*Available data*:
Segment Open

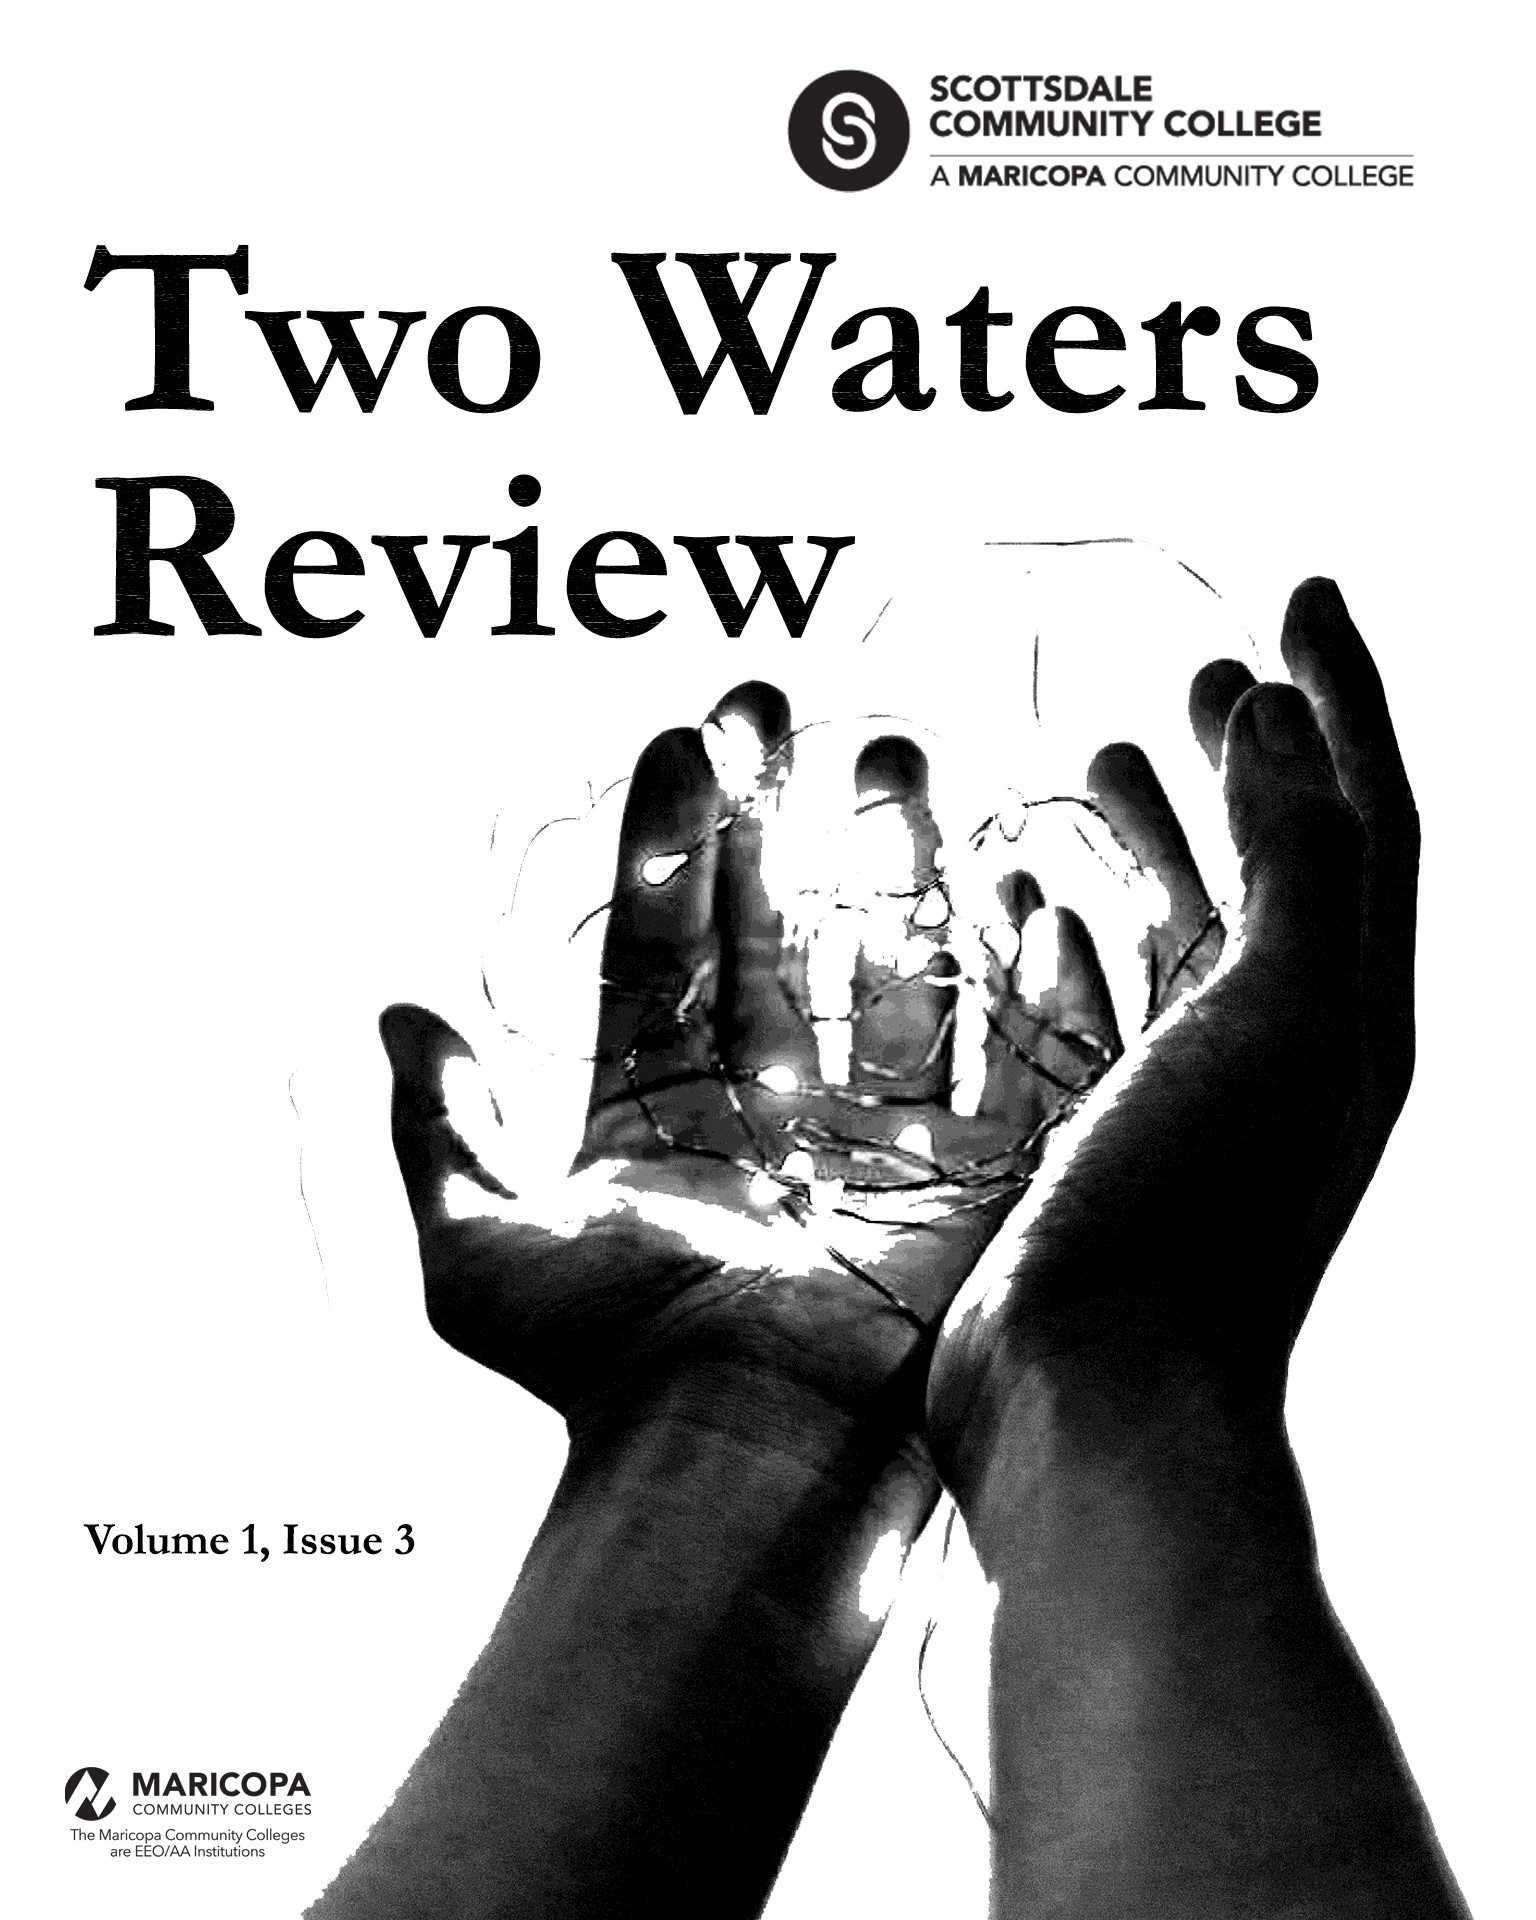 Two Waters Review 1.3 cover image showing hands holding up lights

Segment Closed
Segment Open

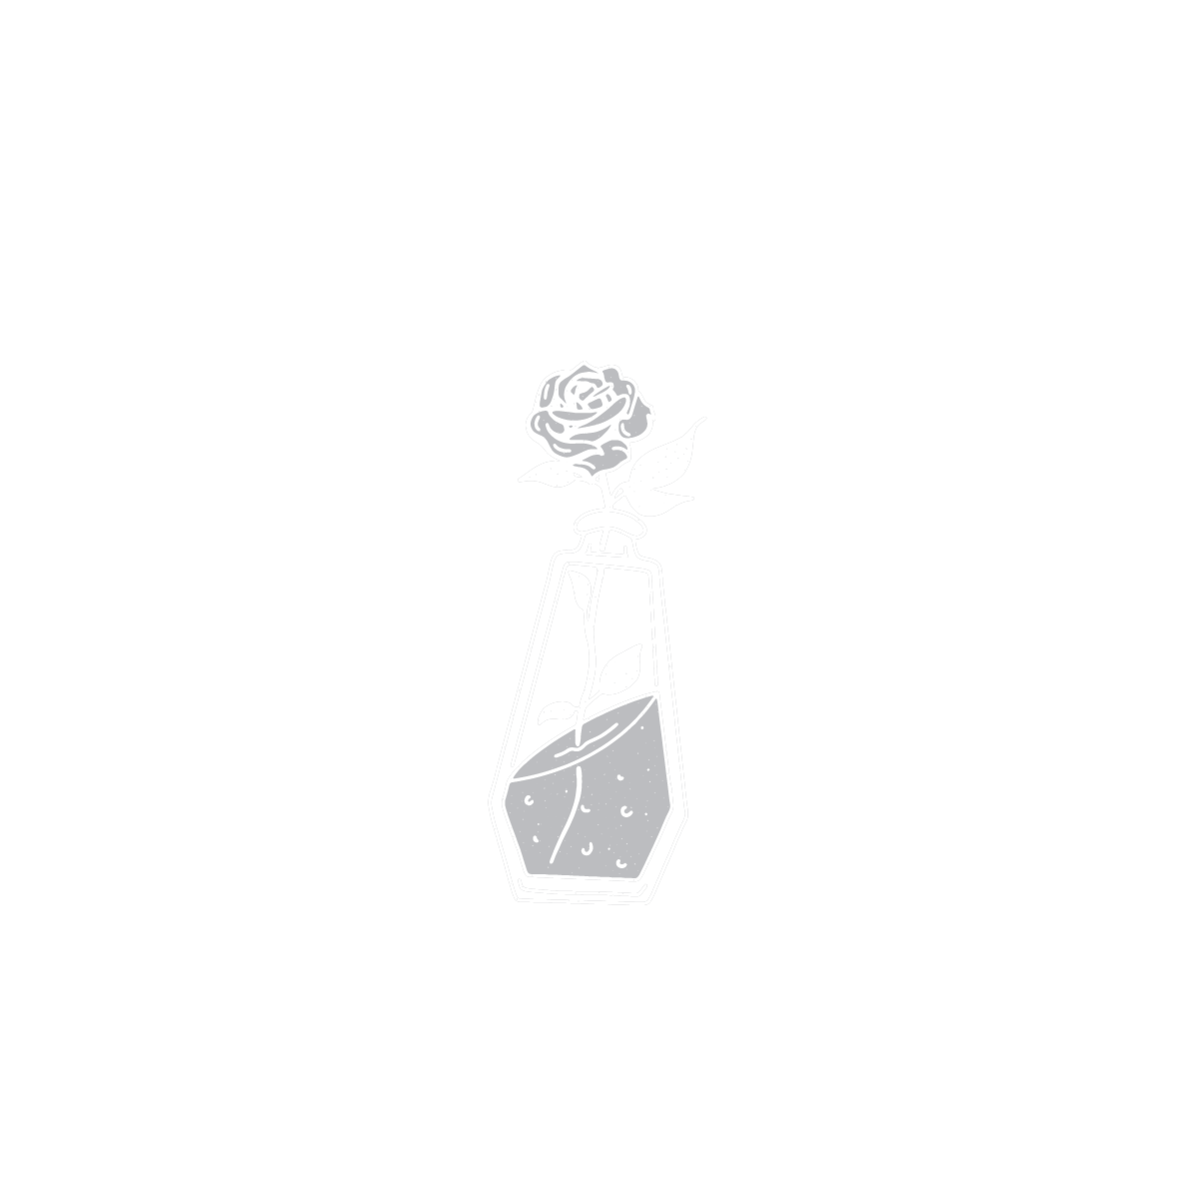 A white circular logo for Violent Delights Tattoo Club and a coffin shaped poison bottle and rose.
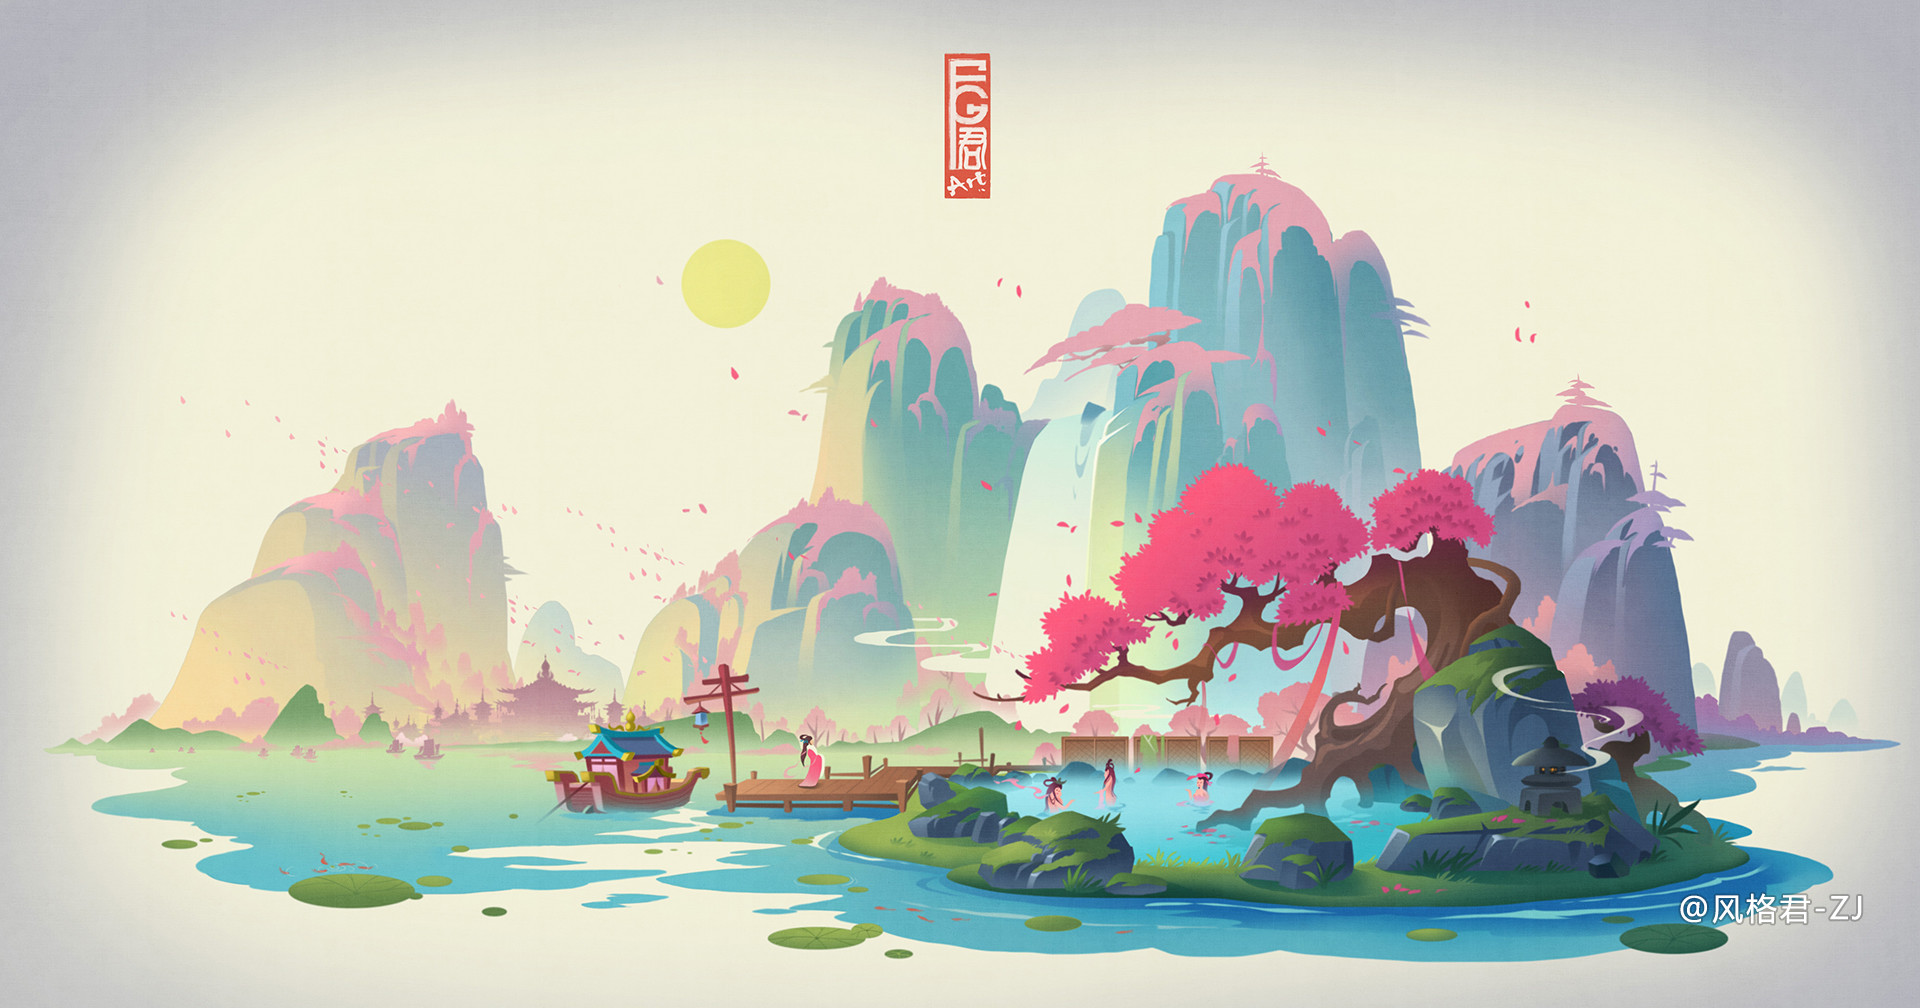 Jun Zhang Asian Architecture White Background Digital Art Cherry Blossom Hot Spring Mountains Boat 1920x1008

Segment Closed
Segment Open

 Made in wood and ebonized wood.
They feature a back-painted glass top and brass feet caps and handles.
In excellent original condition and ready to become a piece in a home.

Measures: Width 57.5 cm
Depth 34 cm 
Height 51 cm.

Segment Closed

Set the pictures aside and transcribe exactly the stretch of lines above, beginning with the one holding "A white circular" and ending with the one holding "Jun Zhang Asian".

*Final answer*:
 A white circular logo for Violent Delights Tattoo Club and a coffin shaped poison bottle and rose.
 Jun Zhang Asian Architecture White Background Digital Art Cherry Blossom Hot Spring Mountains Boat 1920x1008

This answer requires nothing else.